Saturday, April 23, 2011

In(di)gestion

Greetings from the borderlands of DSpace, where Rachel and I have been floating for the past week. Wish you were here!

After successfully digitizing dozens of documents, we turned eagerly to the "ingest" process--a.k.a. uploading digitized materials to their new forever home on the iSchool's digital repository. We gathered expert advice from Dr. Galloway about our organizational schema and consulted with students in her Problems in the Permanent Retention of Digital Records class about essential DSpace resources. We read through the DSpace manual and supporting documentation. We crossed our fingers and took deep breaths and practiced eating space food.

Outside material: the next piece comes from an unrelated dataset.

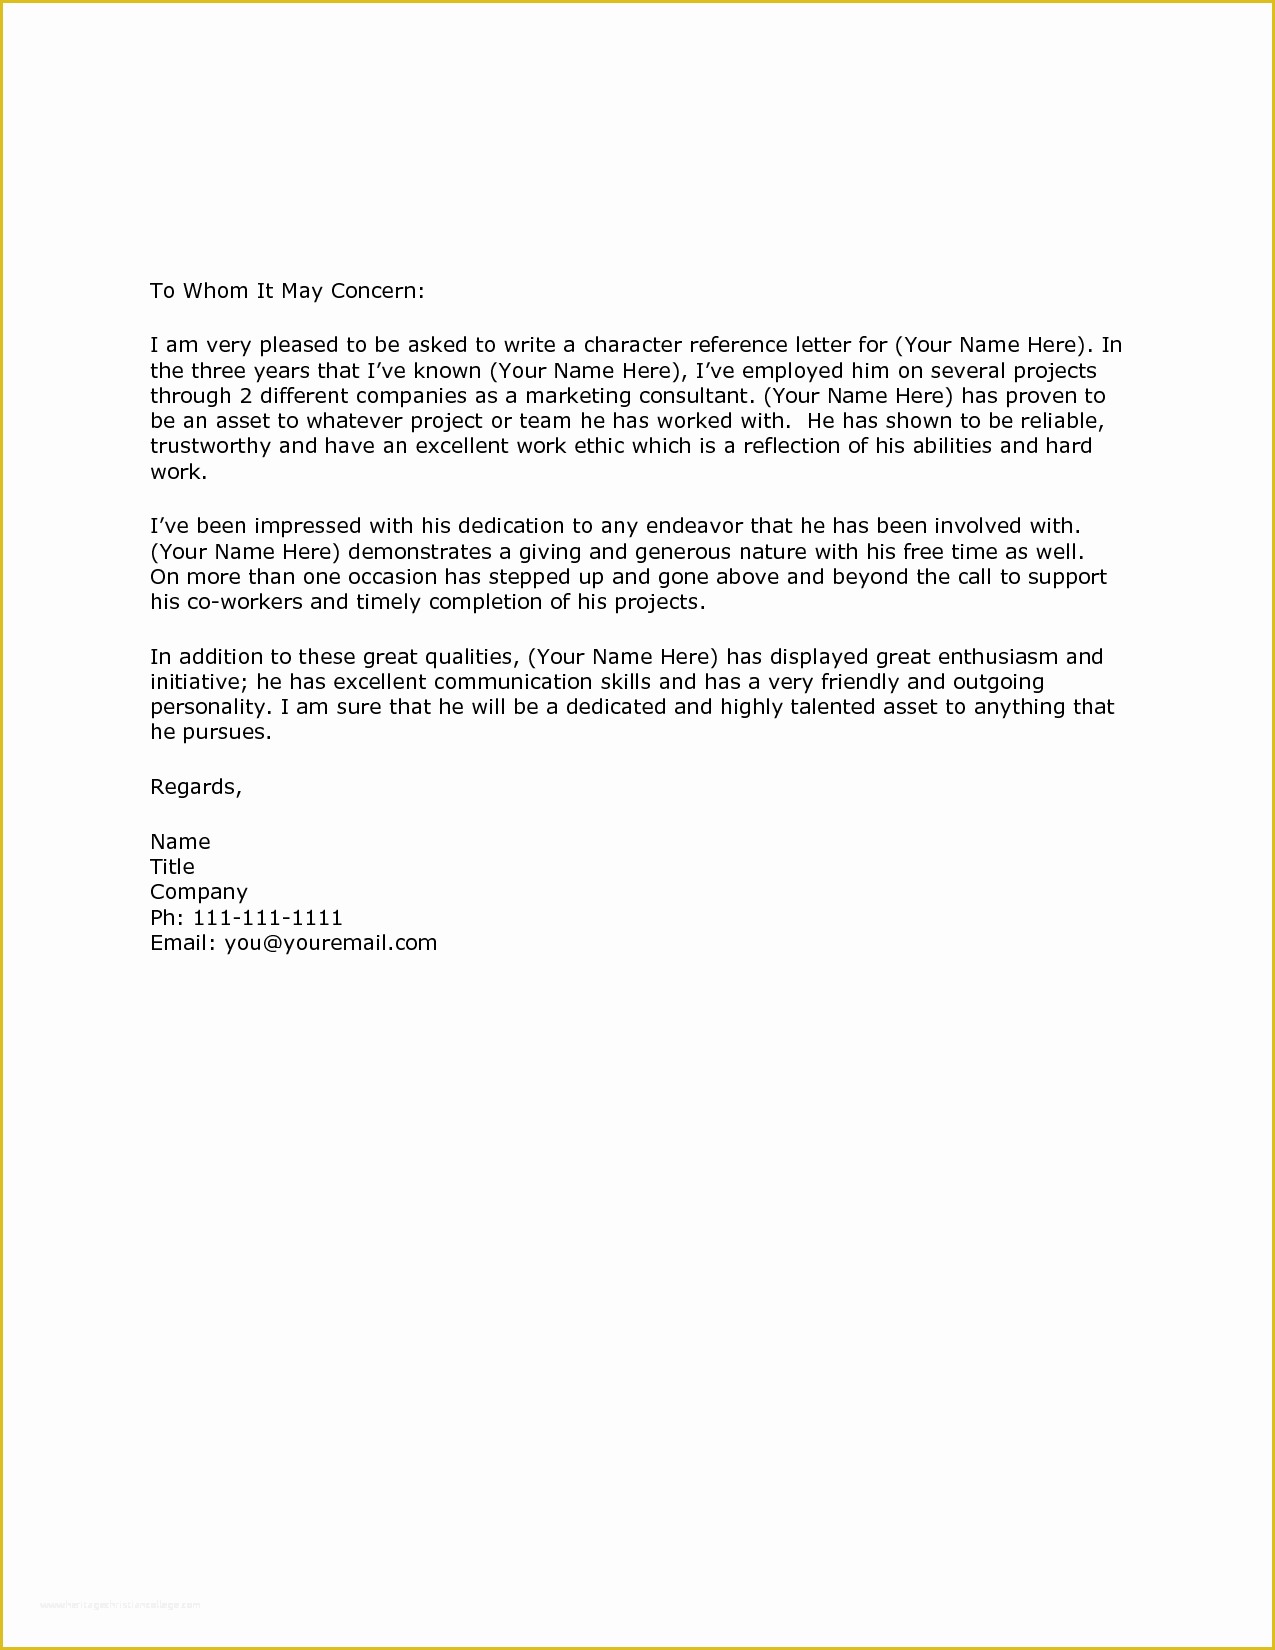 Personal Reference Letter Template Free Of Letter Personal Reference Letter

But we were still confused.

We decided we needed to see the ingest process in action before attempting it ourselves, so we talked with Sam, who suggested we talk with Sarah, who blessed us with several magical batch processing powers: the New Zealand Metadata Extraction tool and three marvelous perl scripts (which she originally received during her Problems project at the HRC), passed down through the DSpace generations like some elusive passcode.
Can we give Sarah a gold star for staying late with us in the IT lab to walk us through our first ingest pre-processing encounter? Despite the fact that she has this little dissertation thing to work on...
Once Sarah left, though, our luck ran out: we couldn't seem to launch the metadata extractor on the lab computers (something about missing Javascript), so we did what any NAS-space-hogging SOD student would do: we uploaded EVERYTHING to the network and prayed we'd be able to open the Extractor at home.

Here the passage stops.